Work to complete: Down to the last line below, give the listing again exactly.

Data for the task:
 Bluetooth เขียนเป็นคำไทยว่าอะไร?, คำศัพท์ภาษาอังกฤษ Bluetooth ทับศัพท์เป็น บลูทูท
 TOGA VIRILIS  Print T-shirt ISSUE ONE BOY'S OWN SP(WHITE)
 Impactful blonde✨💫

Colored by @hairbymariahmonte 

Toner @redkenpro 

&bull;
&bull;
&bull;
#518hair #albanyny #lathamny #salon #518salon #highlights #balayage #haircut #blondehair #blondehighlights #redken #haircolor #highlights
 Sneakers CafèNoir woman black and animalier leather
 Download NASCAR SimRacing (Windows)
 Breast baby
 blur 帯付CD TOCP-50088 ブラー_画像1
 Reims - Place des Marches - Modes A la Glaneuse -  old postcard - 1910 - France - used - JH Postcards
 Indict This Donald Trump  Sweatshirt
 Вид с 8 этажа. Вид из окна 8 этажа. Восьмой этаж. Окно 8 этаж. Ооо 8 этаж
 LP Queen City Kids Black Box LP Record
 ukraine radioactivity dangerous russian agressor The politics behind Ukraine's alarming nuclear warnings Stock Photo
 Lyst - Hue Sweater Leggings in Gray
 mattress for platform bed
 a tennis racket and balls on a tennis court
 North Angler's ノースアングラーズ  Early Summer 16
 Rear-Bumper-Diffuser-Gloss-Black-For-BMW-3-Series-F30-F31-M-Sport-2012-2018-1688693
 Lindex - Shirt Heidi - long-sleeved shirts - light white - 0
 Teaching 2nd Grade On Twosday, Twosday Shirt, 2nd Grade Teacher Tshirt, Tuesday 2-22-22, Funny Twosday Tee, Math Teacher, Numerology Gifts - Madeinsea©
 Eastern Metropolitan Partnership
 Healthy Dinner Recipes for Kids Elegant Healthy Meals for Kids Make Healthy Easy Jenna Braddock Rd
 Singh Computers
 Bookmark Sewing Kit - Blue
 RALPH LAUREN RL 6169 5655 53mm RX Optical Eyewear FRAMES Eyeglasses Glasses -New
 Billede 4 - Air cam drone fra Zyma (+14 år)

Reply to the task:
 Bluetooth เขียนเป็นคำไทยว่าอะไร?, คำศัพท์ภาษาอังกฤษ Bluetooth ทับศัพท์เป็น บลูทูท
 TOGA VIRILIS  Print T-shirt ISSUE ONE BOY'S OWN SP(WHITE)
 Impactful blonde✨💫

Colored by @hairbymariahmonte 

Toner @redkenpro 

&bull;
&bull;
&bull;
#518hair #albanyny #lathamny #salon #518salon #highlights #balayage #haircut #blondehair #blondehighlights #redken #haircolor #highlights
 Sneakers CafèNoir woman black and animalier leather
 Download NASCAR SimRacing (Windows)
 Breast baby
 blur 帯付CD TOCP-50088 ブラー_画像1
 Reims - Place des Marches - Modes A la Glaneuse -  old postcard - 1910 - France - used - JH Postcards
 Indict This Donald Trump  Sweatshirt
 Вид с 8 этажа. Вид из окна 8 этажа. Восьмой этаж. Окно 8 этаж. Ооо 8 этаж
 LP Queen City Kids Black Box LP Record
 ukraine radioactivity dangerous russian agressor The politics behind Ukraine's alarming nuclear warnings Stock Photo
 Lyst - Hue Sweater Leggings in Gray
 mattress for platform bed
 a tennis racket and balls on a tennis court
 North Angler's ノースアングラーズ  Early Summer 16
 Rear-Bumper-Diffuser-Gloss-Black-For-BMW-3-Series-F30-F31-M-Sport-2012-2018-1688693
 Lindex - Shirt Heidi - long-sleeved shirts - light white - 0
 Teaching 2nd Grade On Twosday, Twosday Shirt, 2nd Grade Teacher Tshirt, Tuesday 2-22-22, Funny Twosday Tee, Math Teacher, Numerology Gifts - Madeinsea©
 Eastern Metropolitan Partnership
 Healthy Dinner Recipes for Kids Elegant Healthy Meals for Kids Make Healthy Easy Jenna Braddock Rd
 Singh Computers
 Bookmark Sewing Kit - Blue
 RALPH LAUREN RL 6169 5655 53mm RX Optical Eyewear FRAMES Eyeglasses Glasses -New
 Billede 4 - Air cam drone fra Zyma (+14 år)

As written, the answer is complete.